Reputation: 306
I want some help regarding adding additional words in the existing BERT model. I have two quires kindly guide me:
I am working on NER task for a domain:
There are few words (not sure the exact numbers) that BERT recognized as [UNK], but those entities are required for the model to recognize. The pretrained model learns well (up to 80%) accuracy on "bert-base-cased" while providing labeled data and fine-tune the model but intuitively the model will learn better if it recognize all the entities.
Do i need to add those unknown entities in vocabs.txt and train the model again?

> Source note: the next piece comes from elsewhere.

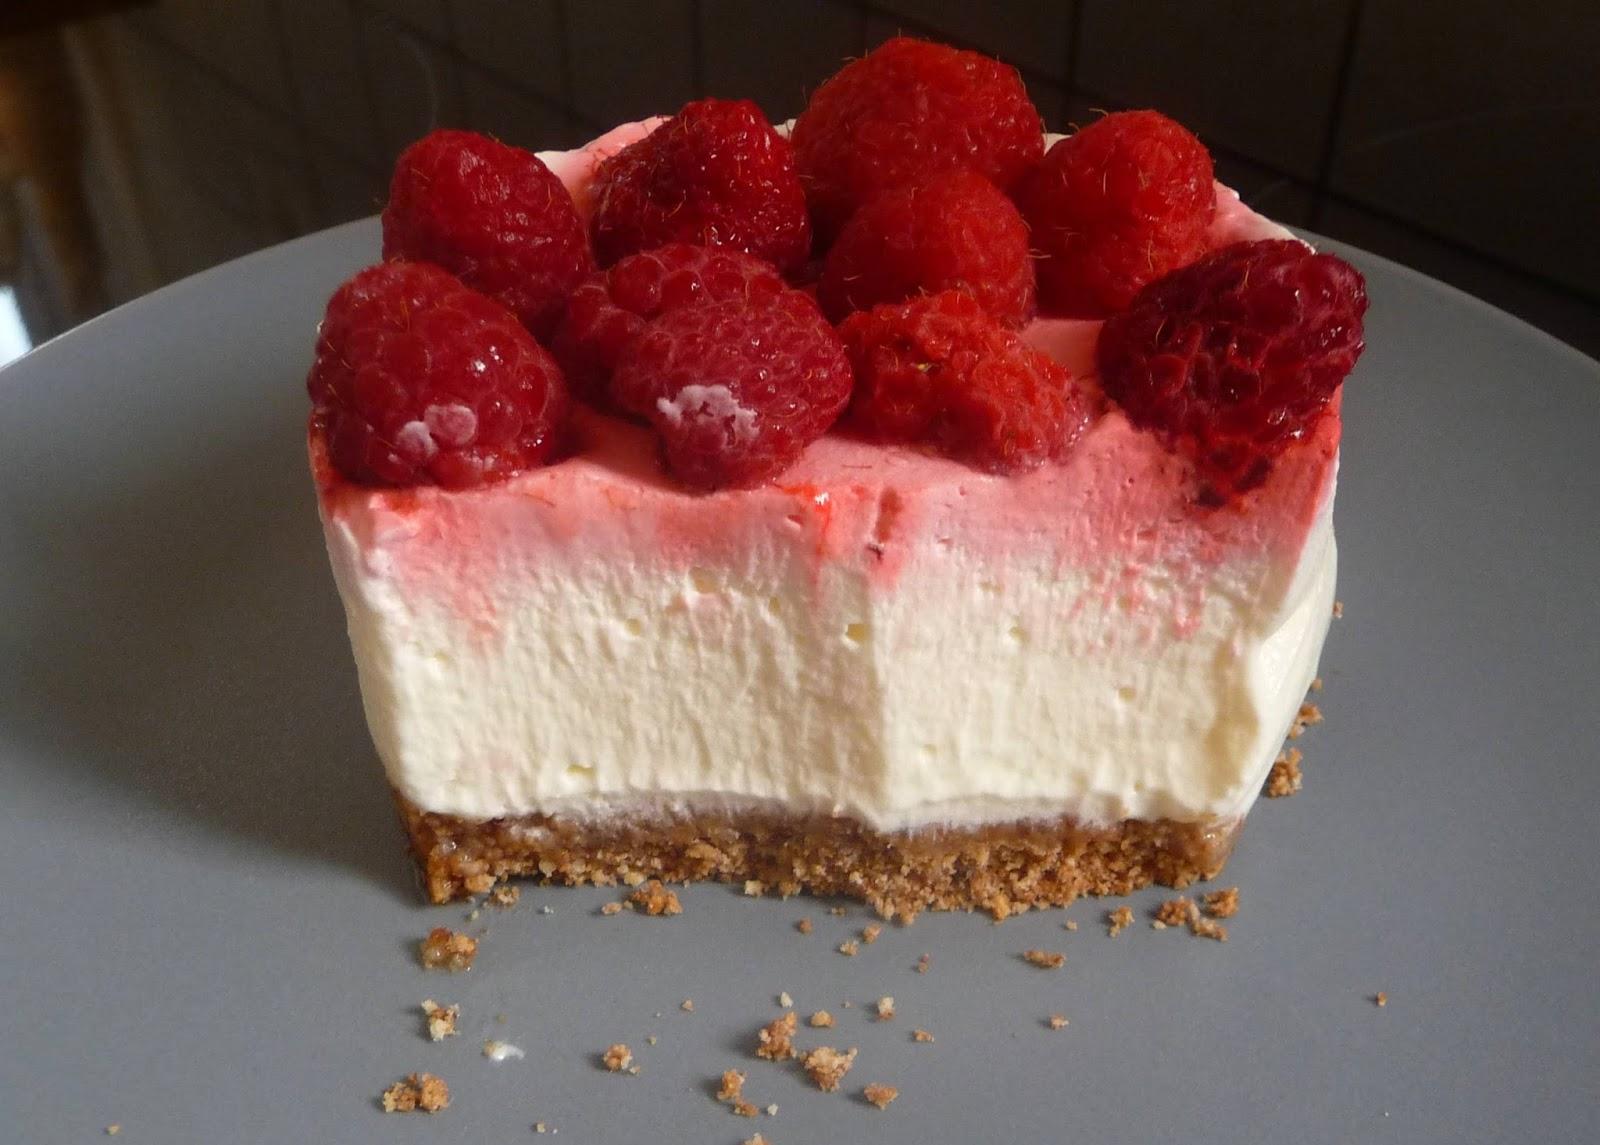 Cuill re aiguille et scie sauteuse cheesecakes sans cuisson aux framboises - Cheesecake framboise sans cuisson ...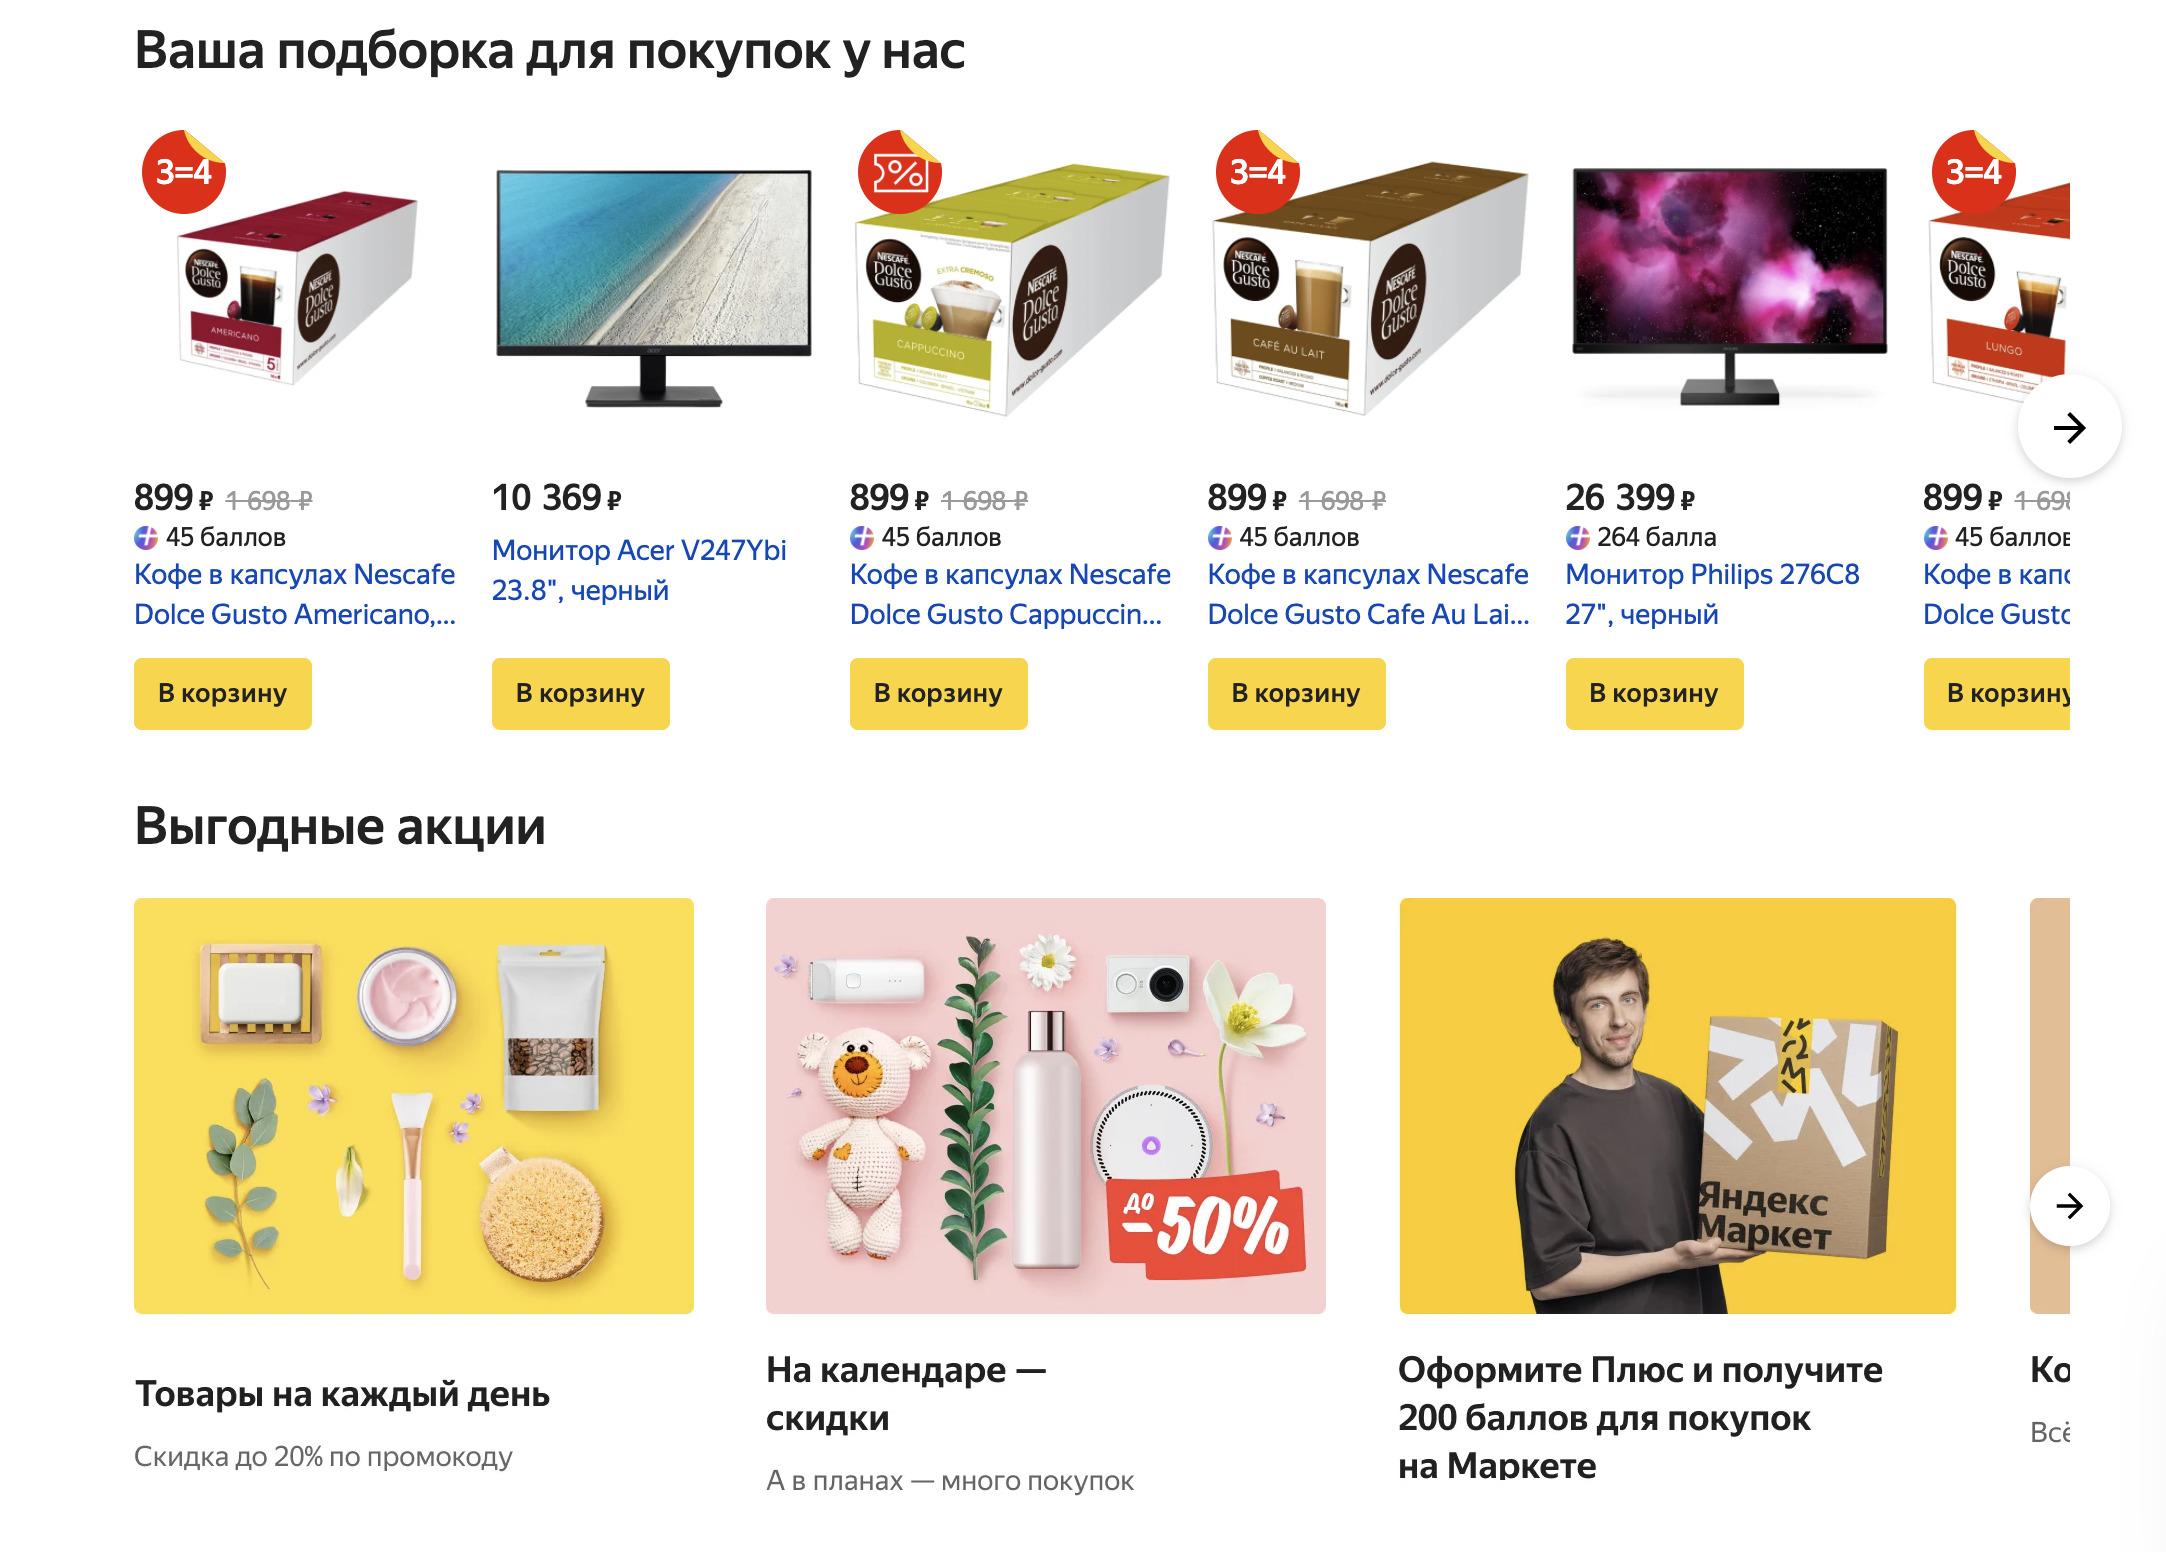 Доставка из Яндекс.Маркет в Республику Северная Осетия - Алания, сроки, пункты выдачи, каталог

Do i need to train the BERT model on my data from Scratch?
Thanks...
Upvotes: 1
Views: 1440
Reputation: 11213
BERT works well because it is pre-trained on a very large textual dataset of 3.3 billion words. Training BERT from skratch is resource-demanding and does not pay of in most reasonable use cases.
BERT uses the wordpiece algorithm for input segmentation. This shoudl in theory ensure that there no out-of-vocabulary token that would end up as [UNK]
. The worst-case scenario in the segmentation would be that input tokens end up segmented into individual characters. If the segmentation is done correctly, [UNK]
should appear only if the tokenizer encouters UTF-8 that were not in the training data.
The most probably sources of your problem:
There is a bug in the tokenization, so it produces tokens that are not in the word-piece vocabulary. (Perhaps word tokenization instead of WordPiece tokenization?)
It is an encoding issue that generates invalid or weird UTF-8 characters.
Upvotes: 1